• **Assignment**
Up through the line that contains "LOW COUNTRY DINING", retype the entries exactly, beginning at the very first line.

===== The data

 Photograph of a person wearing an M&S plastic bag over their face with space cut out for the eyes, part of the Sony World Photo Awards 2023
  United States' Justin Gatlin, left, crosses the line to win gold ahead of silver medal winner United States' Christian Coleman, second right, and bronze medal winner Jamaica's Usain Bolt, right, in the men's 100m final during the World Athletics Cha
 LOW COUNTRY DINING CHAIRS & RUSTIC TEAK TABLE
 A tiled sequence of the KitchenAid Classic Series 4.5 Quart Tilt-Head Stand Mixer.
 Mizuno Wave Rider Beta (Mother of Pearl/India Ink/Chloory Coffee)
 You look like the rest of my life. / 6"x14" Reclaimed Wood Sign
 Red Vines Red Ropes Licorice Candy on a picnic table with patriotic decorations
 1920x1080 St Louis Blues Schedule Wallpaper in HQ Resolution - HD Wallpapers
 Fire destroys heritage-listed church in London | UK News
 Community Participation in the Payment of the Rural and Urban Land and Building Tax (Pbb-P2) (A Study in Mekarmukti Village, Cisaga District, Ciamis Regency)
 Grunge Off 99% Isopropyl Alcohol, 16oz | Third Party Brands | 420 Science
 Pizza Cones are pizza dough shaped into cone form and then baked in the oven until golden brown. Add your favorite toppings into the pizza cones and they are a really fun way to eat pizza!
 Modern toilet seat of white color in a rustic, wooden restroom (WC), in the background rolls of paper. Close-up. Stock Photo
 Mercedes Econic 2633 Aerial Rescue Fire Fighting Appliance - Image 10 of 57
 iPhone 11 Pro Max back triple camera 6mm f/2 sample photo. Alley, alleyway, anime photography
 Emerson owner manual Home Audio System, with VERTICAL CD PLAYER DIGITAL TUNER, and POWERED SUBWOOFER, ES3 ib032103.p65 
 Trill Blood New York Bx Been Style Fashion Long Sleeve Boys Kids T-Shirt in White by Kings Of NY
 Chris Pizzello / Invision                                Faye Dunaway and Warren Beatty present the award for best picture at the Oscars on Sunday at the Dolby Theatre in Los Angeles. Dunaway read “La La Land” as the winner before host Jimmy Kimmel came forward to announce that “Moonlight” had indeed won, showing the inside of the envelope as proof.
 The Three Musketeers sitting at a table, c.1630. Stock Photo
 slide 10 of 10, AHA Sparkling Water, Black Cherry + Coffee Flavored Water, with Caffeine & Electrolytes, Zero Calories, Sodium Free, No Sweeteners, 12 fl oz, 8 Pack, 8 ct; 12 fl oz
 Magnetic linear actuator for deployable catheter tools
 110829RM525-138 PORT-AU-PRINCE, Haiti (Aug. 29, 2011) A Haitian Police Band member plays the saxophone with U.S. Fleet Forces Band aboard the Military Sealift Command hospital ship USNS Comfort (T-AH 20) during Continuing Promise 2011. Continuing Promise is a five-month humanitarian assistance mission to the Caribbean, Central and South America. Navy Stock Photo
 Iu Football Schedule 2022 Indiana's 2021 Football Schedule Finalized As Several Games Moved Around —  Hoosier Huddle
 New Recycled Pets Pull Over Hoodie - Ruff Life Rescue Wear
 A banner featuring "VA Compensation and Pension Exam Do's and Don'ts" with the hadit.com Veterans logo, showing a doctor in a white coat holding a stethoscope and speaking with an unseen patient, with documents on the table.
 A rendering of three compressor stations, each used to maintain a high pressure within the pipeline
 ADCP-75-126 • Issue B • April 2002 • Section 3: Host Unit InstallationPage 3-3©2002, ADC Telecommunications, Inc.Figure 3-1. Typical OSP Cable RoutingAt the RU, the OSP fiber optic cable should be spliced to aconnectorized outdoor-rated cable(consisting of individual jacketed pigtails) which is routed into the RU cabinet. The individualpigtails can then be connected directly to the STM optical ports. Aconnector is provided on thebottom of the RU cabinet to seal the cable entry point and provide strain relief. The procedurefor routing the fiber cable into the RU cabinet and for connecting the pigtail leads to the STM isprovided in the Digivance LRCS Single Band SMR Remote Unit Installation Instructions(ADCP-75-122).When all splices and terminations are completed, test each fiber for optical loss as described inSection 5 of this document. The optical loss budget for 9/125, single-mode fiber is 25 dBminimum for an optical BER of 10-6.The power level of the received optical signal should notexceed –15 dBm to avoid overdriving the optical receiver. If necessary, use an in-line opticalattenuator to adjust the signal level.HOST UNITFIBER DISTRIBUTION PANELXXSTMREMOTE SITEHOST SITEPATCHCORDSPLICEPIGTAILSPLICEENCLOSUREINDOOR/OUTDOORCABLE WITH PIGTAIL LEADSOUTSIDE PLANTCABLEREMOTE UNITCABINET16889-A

==========

• **Response**
 Photograph of a person wearing an M&S plastic bag over their face with space cut out for the eyes, part of the Sony World Photo Awards 2023
  United States' Justin Gatlin, left, crosses the line to win gold ahead of silver medal winner United States' Christian Coleman, second right, and bronze medal winner Jamaica's Usain Bolt, right, in the men's 100m final during the World Athletics Cha
 LOW COUNTRY DINING CHAIRS & RUSTIC TEAK TABLE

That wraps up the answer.